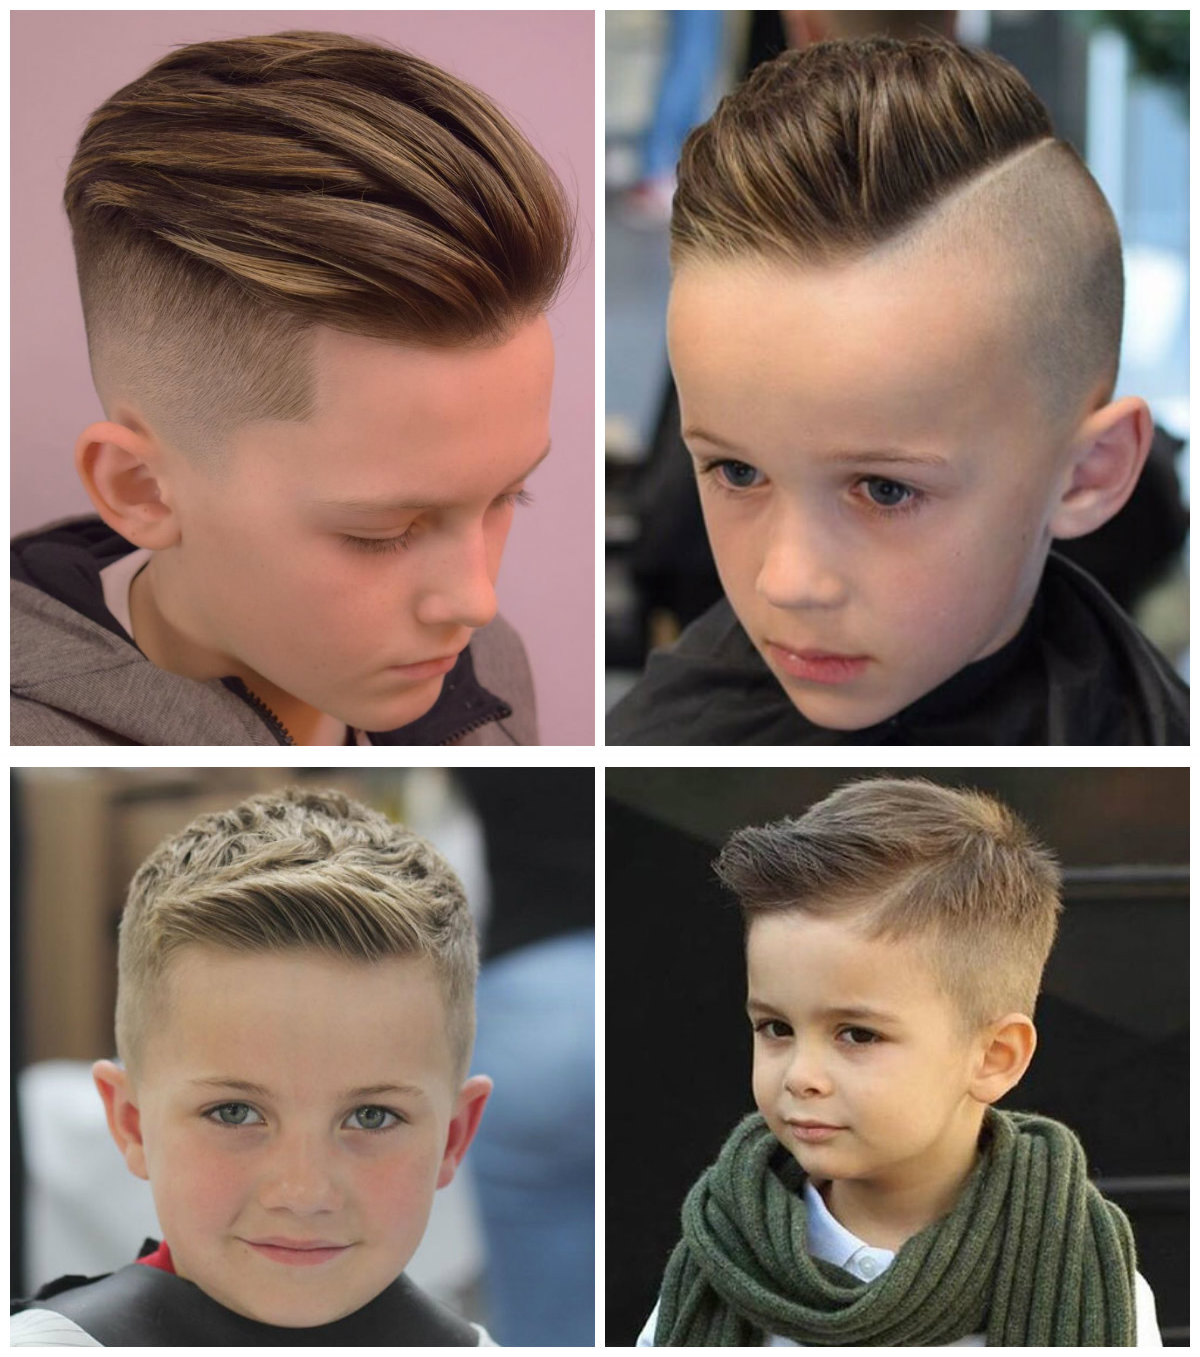 Corte de cabelo masculino infantil: 7 penteados legais para meninos |  Tendências da Moda | Постила
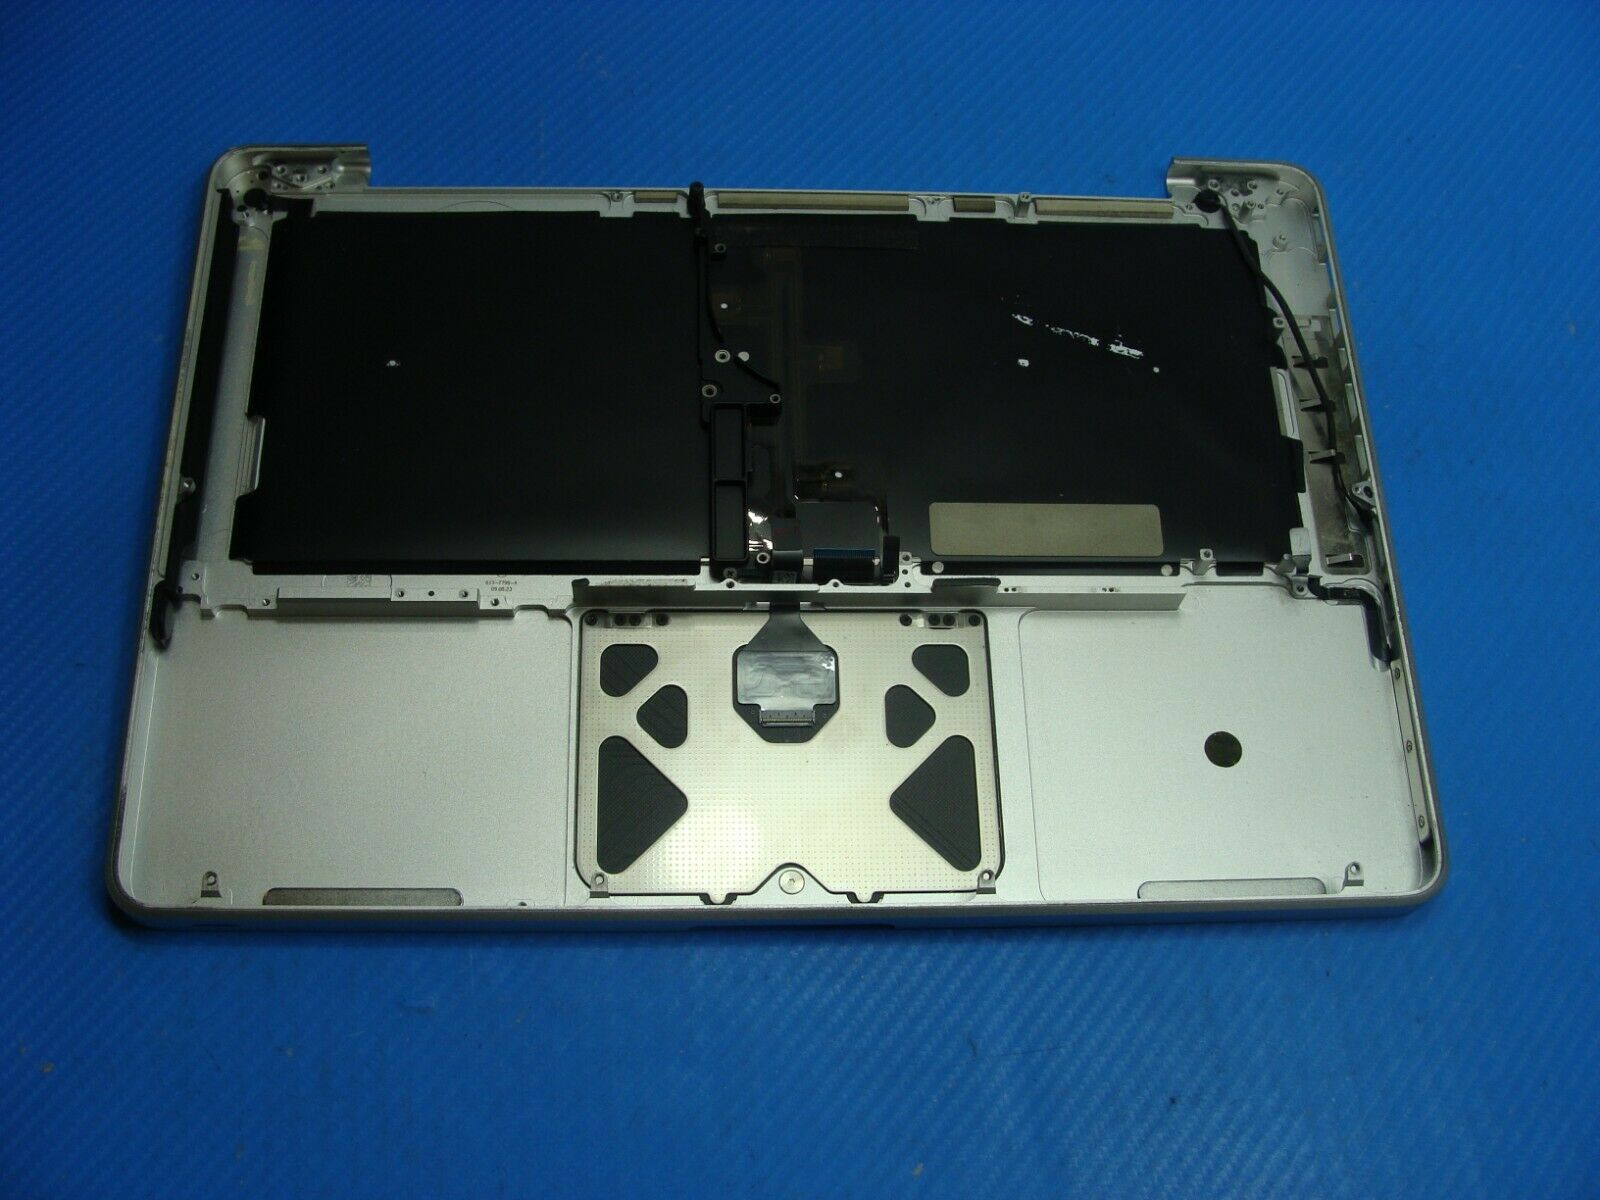 MacBook Pro A1278 MB990LL/A Mid 2009 13
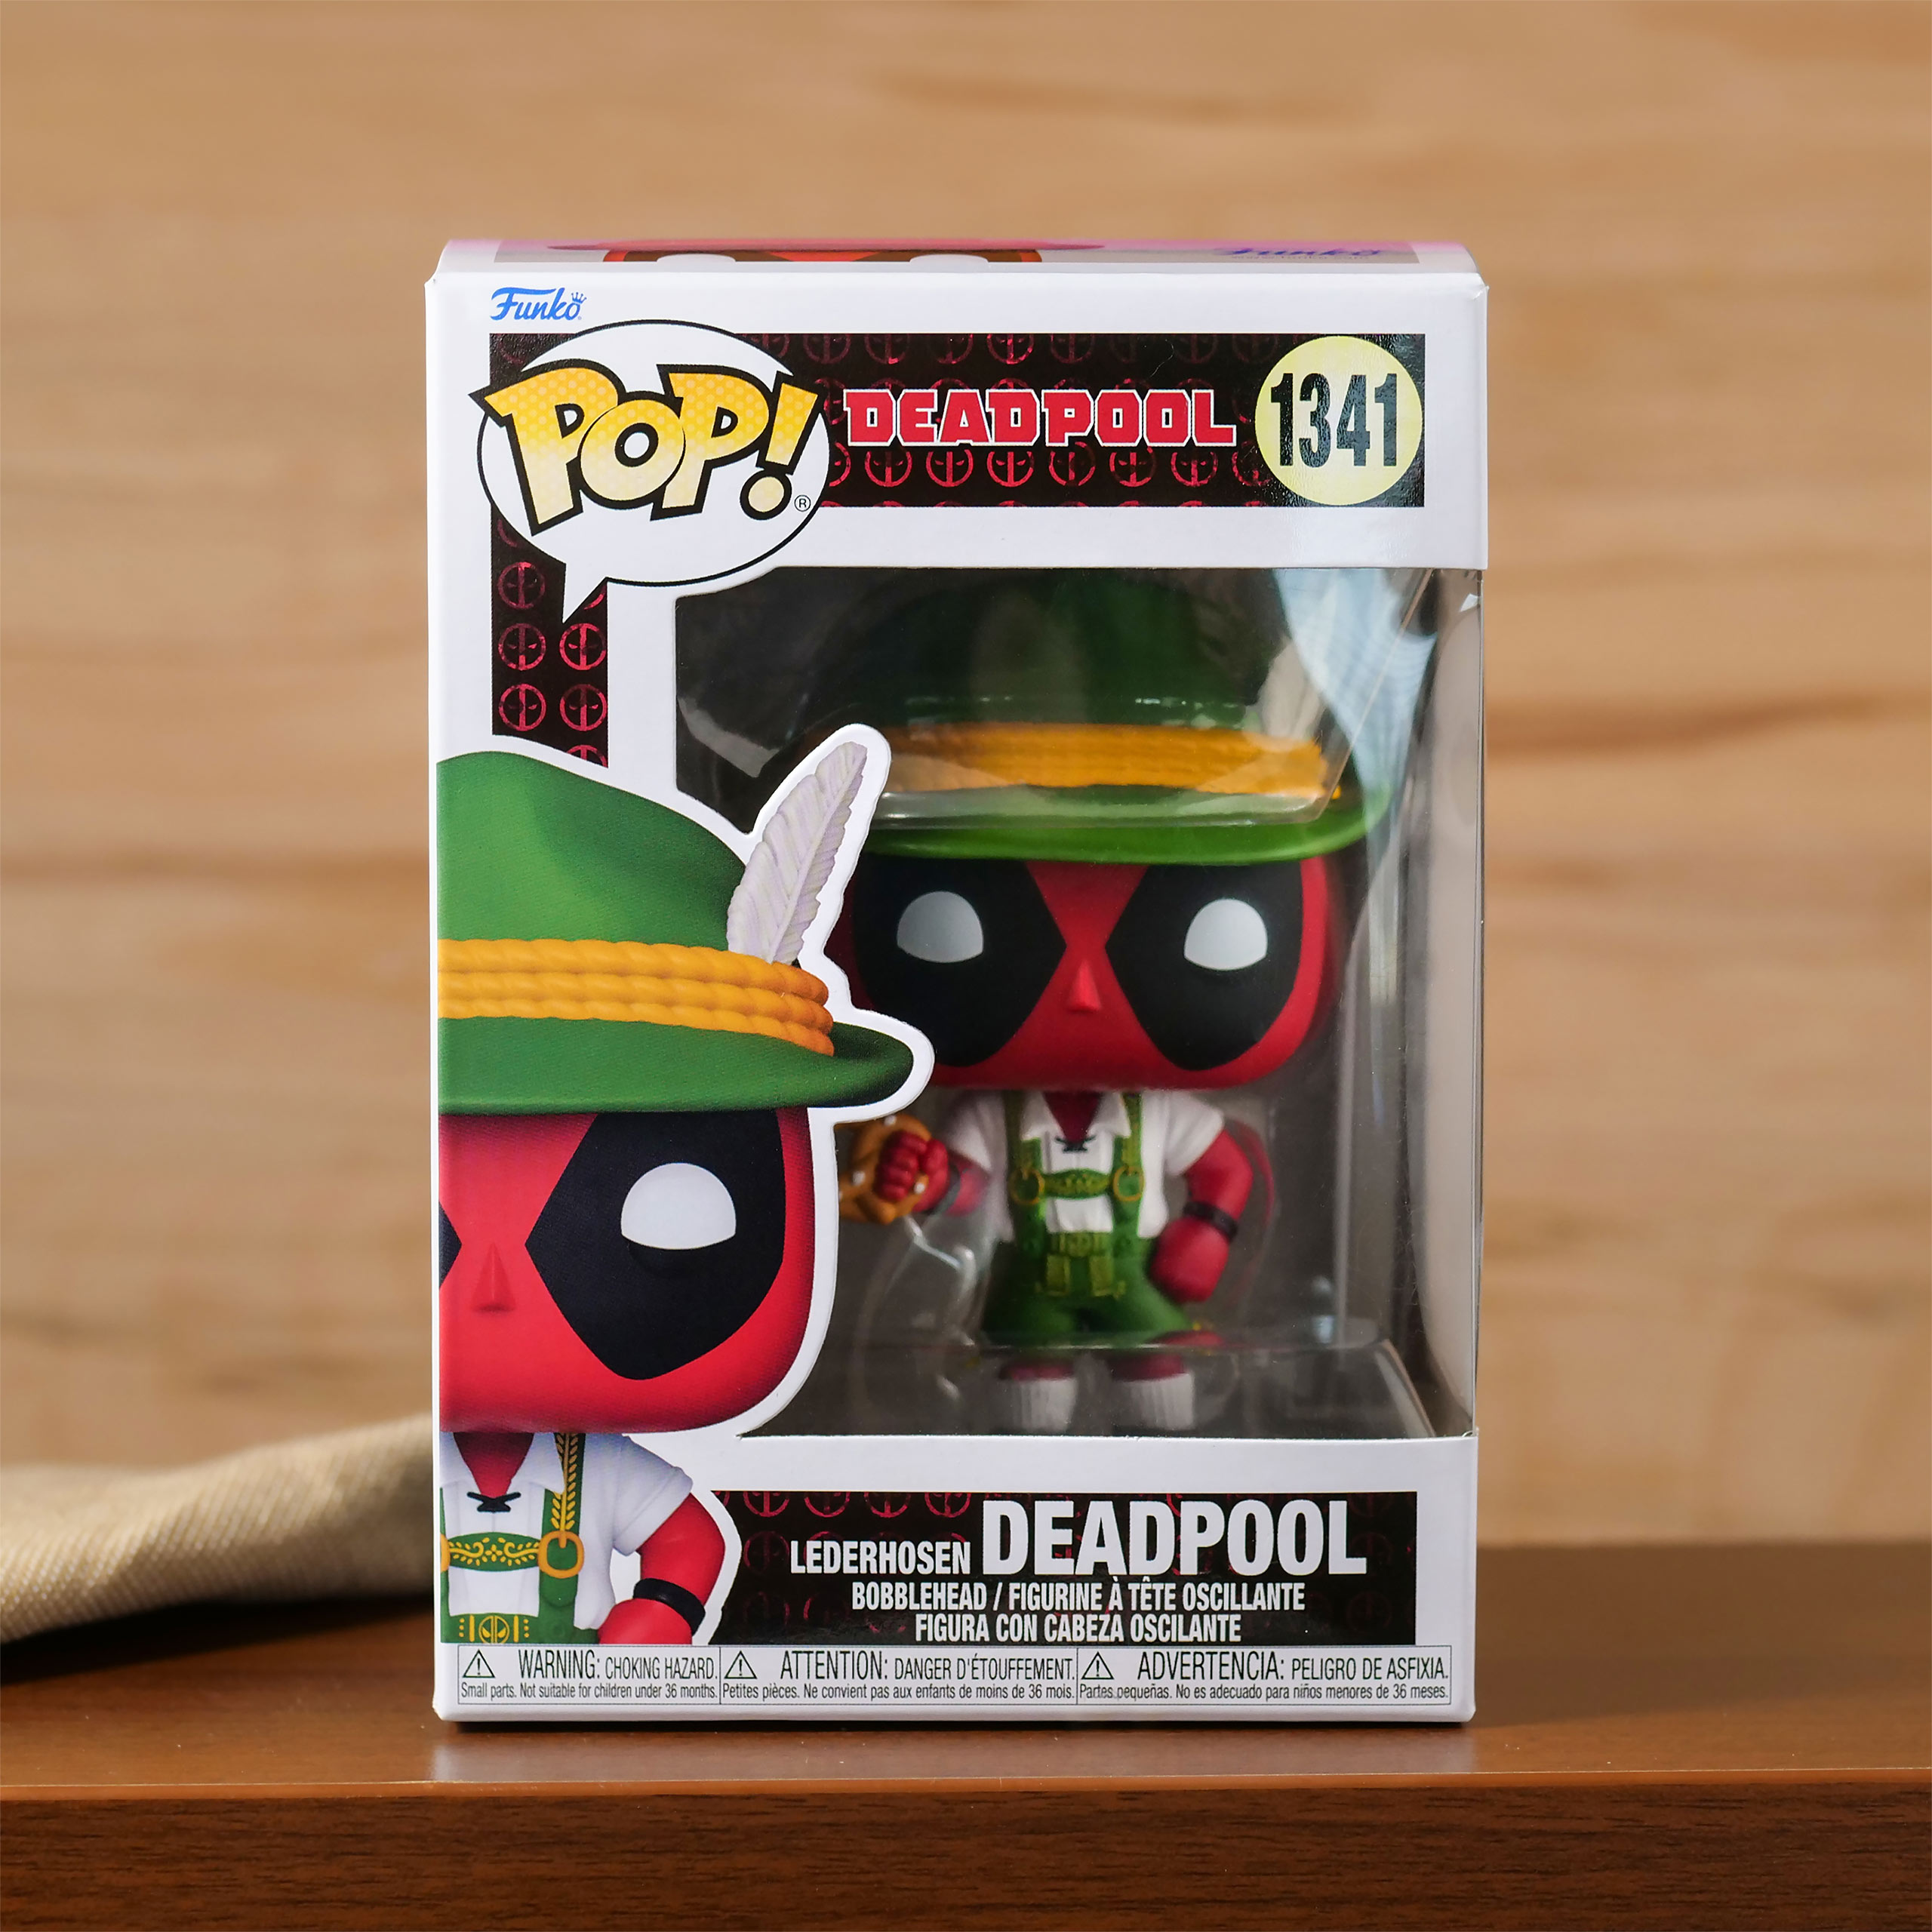 Deadpool mit Lederhose Funko Pop Wackelkopf-Figur
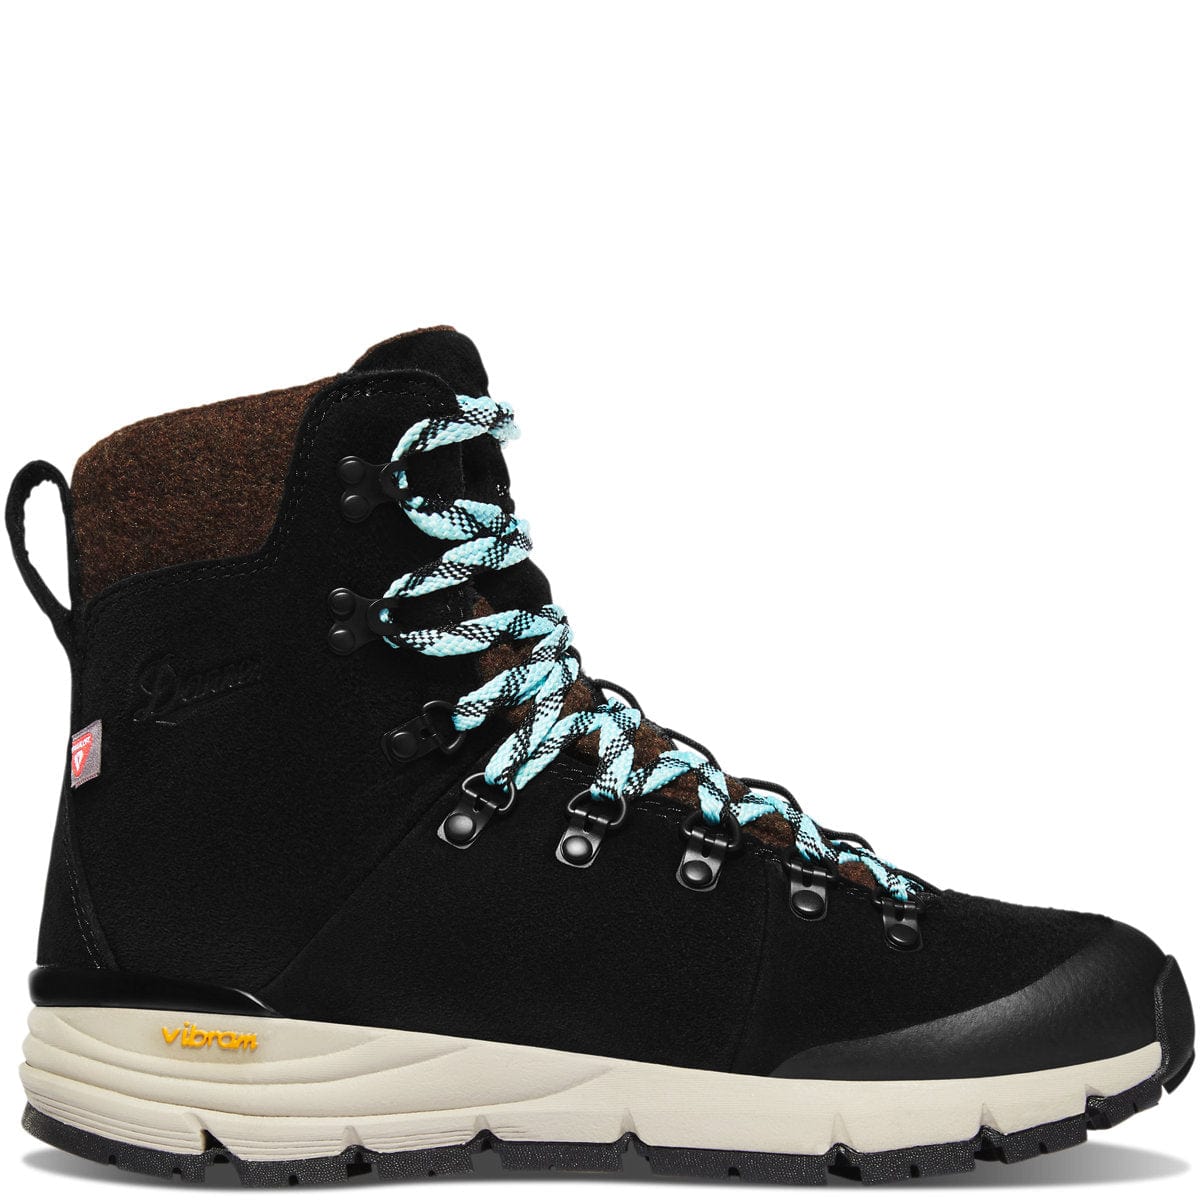 Danner Danner Womens Arctic 600 Side-Zip 7" 200G Hiking Boot Black/Spark Blue / 5 / M Footwear

» **What you should do**:
Output the material above word for word. Leave out its images.

» **Solved exercise**:
 Corte de cabelo masculino infantil: 7 penteados legais para meninos |  Tendências da Moda | Постила
 MacBook Pro A1278 MB990LL/A Mid 2009 13
 Deadpool mit Lederhose Funko Pop Wackelkopf-Figur
 Danner Danner Womens Arctic 600 Side-Zip 7" 200G Hiking Boot Black/Spark Blue / 5 / M Footwear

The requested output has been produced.